(GIVEN INFORMATION)
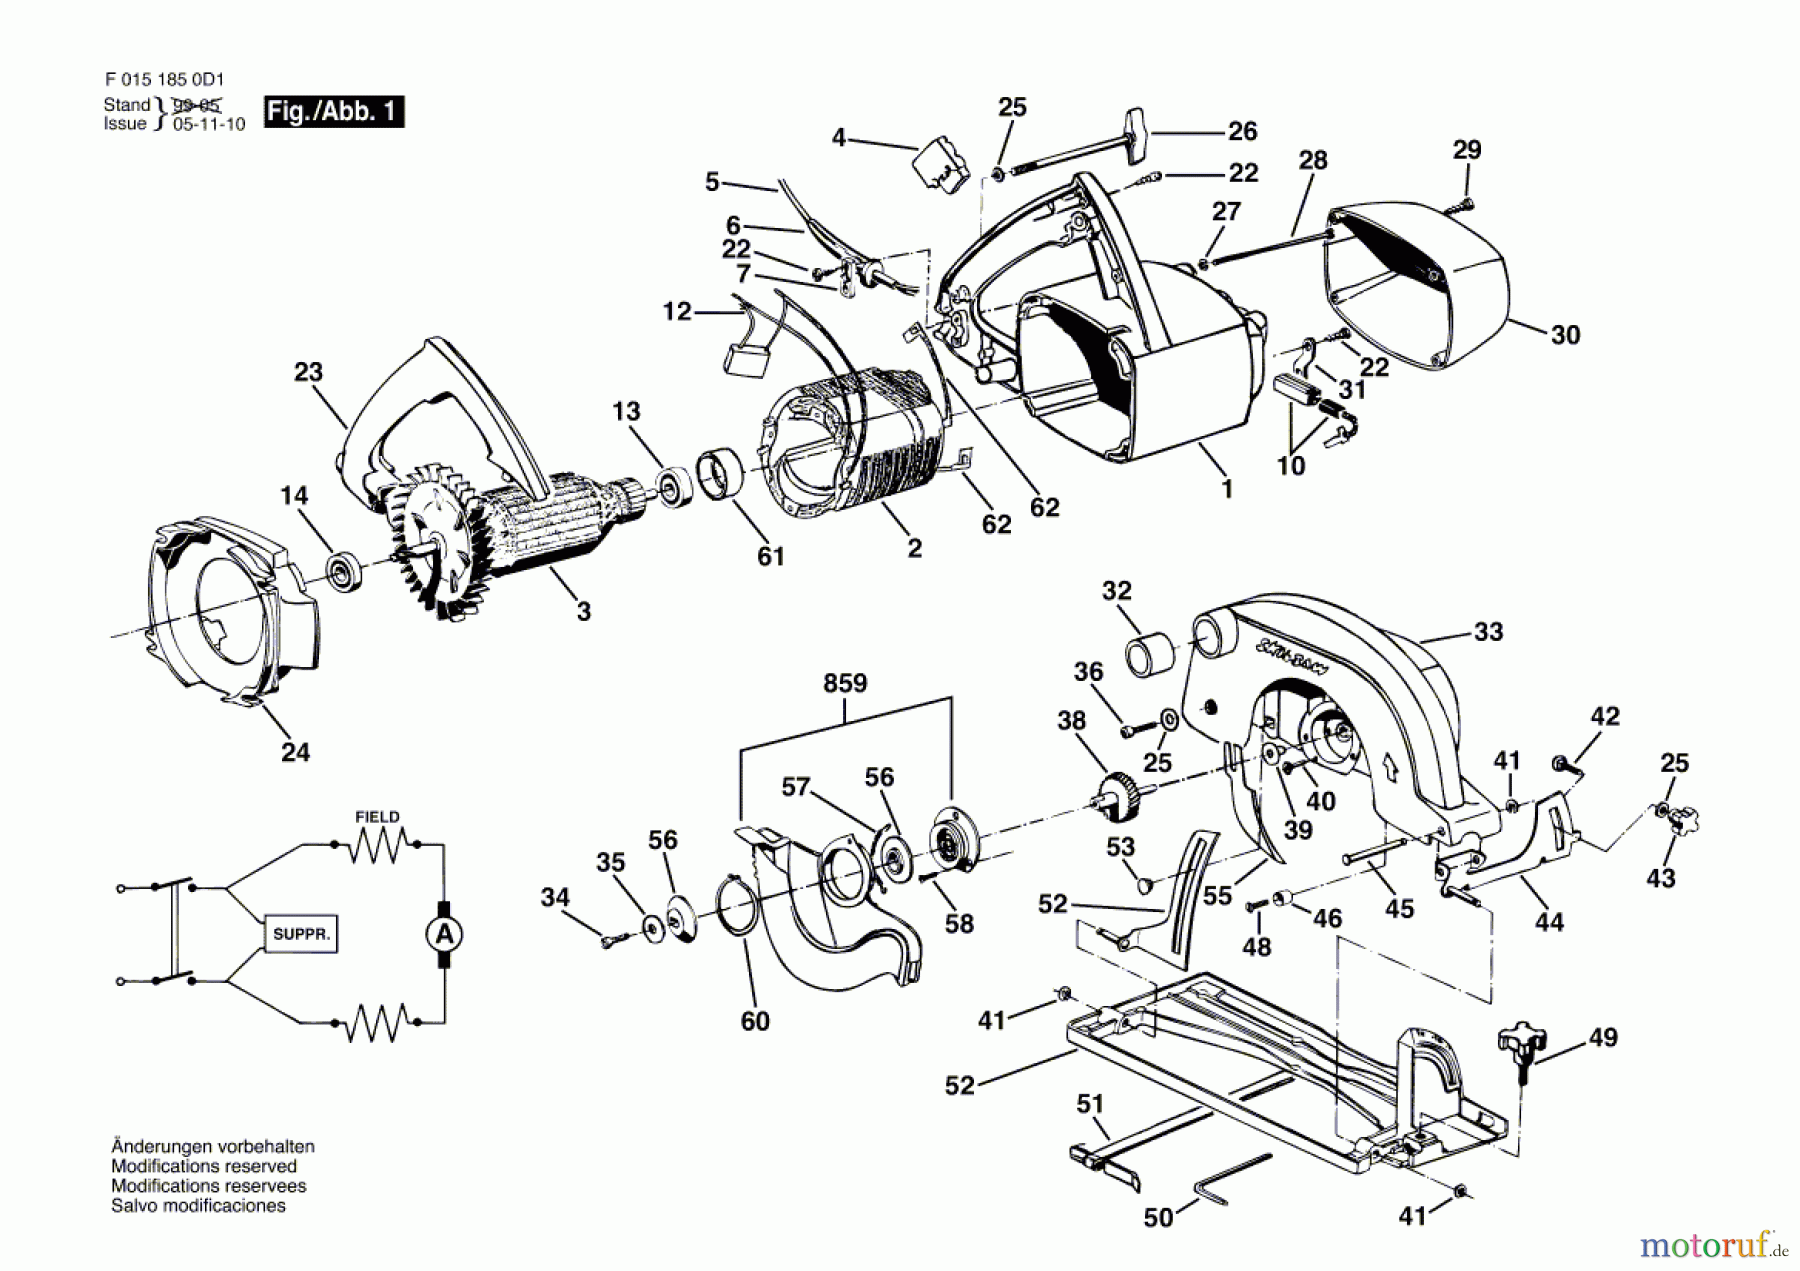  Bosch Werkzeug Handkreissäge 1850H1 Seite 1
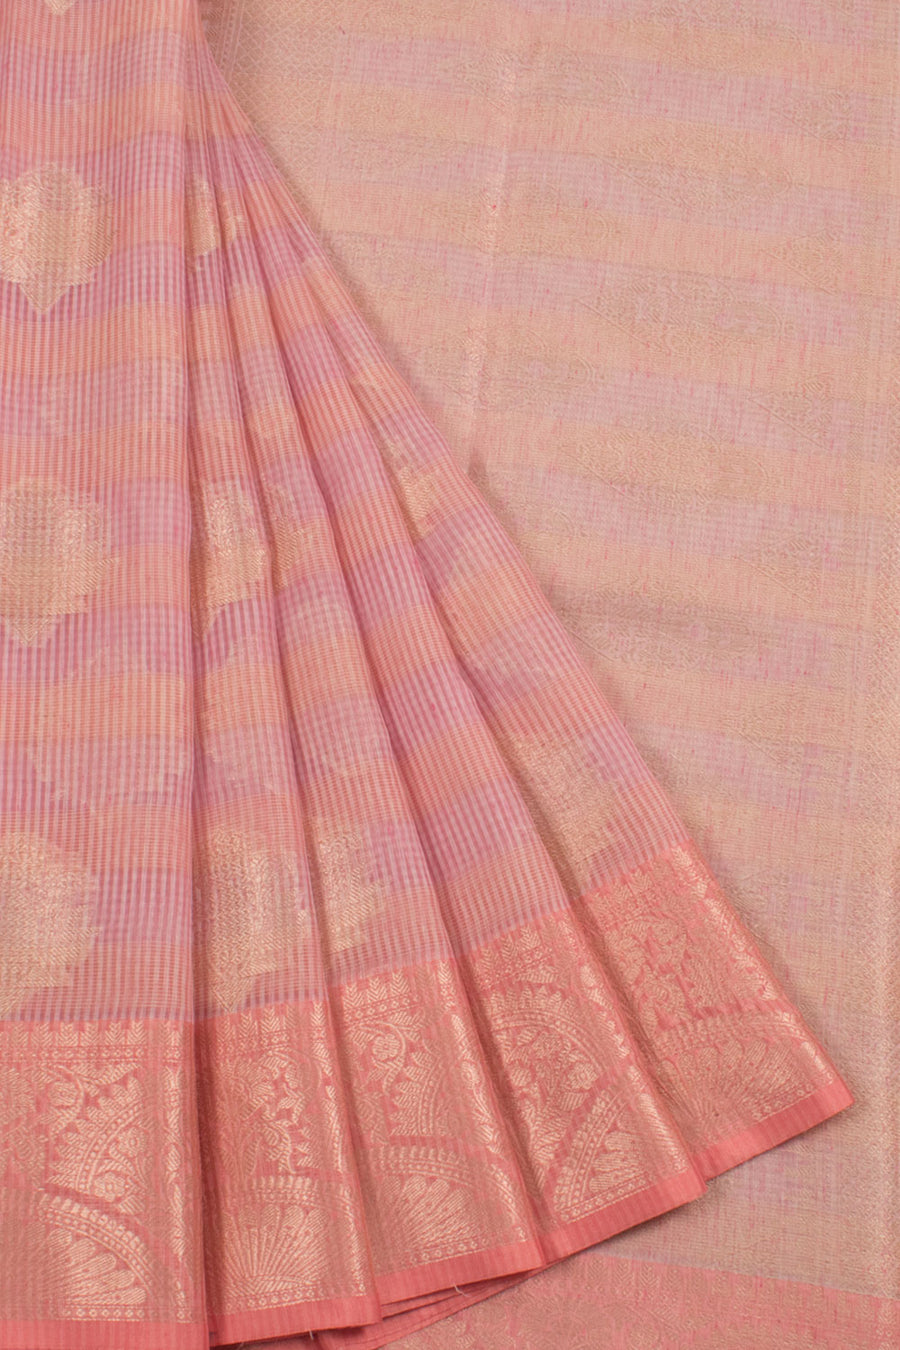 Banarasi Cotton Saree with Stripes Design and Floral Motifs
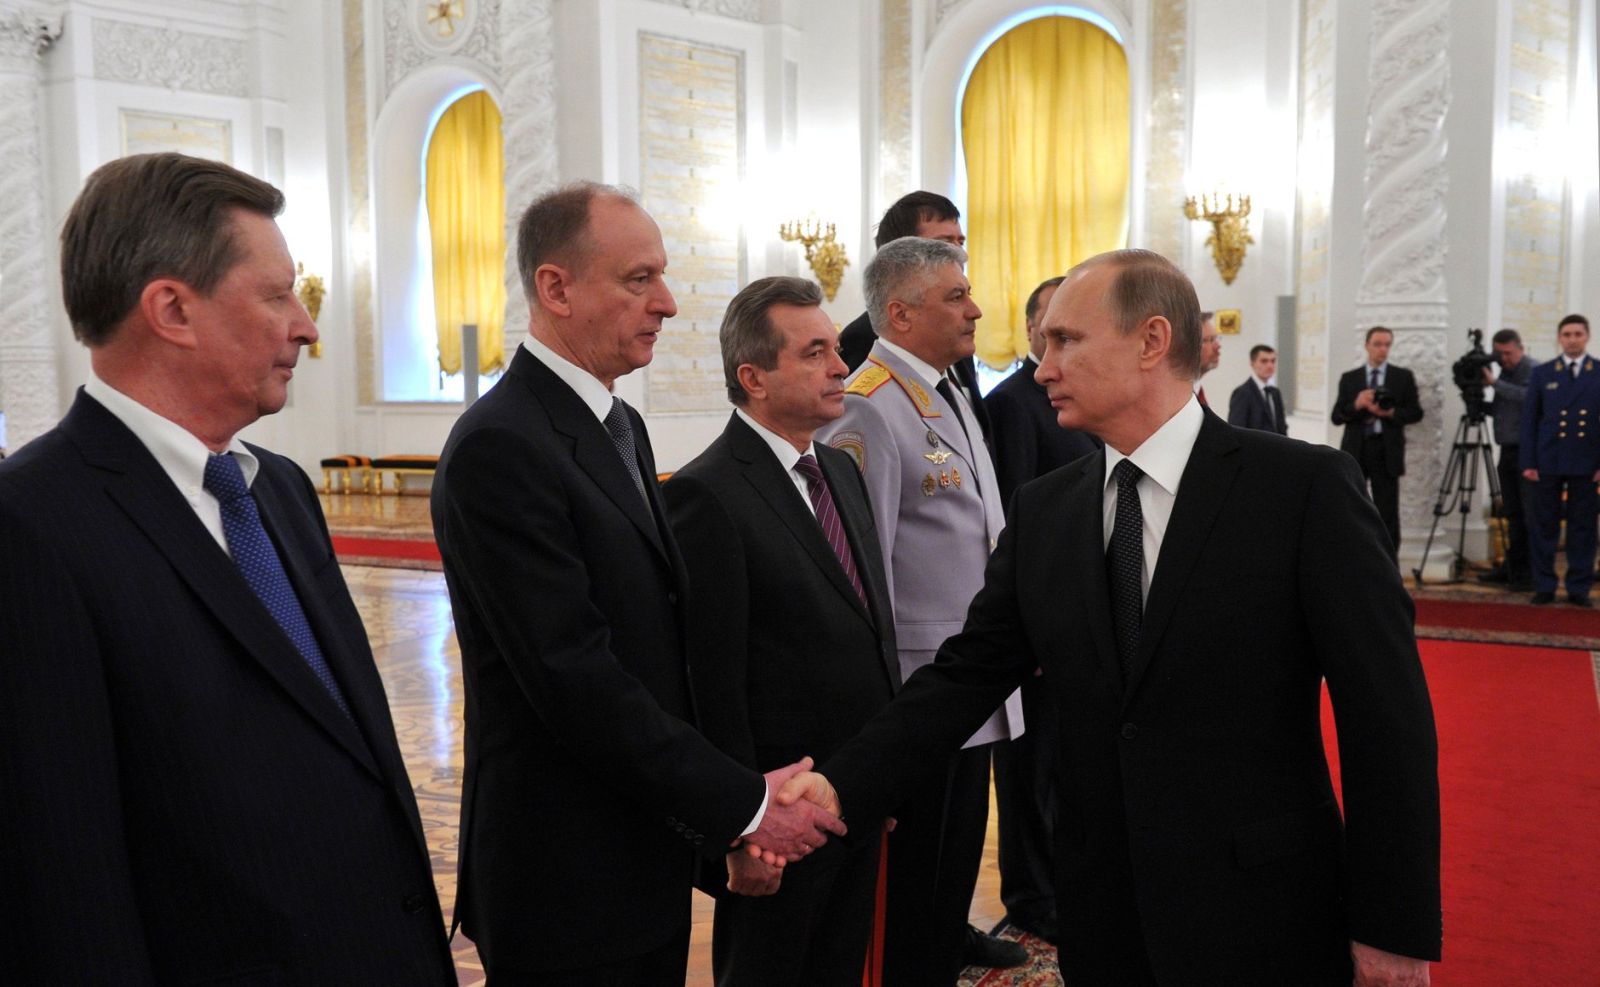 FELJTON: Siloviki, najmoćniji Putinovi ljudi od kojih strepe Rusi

(PROMPT)
Omit pictures; set down the rest of the material word for word.

(THE COMPLETED TASK)
  Bosch Werkzeug Handkreissäge 1850H1 Seite 1
 Banarasi Cotton Saree with Stripes Design and Floral Motifs
 FELJTON: Siloviki, najmoćniji Putinovi ljudi od kojih strepe Rusi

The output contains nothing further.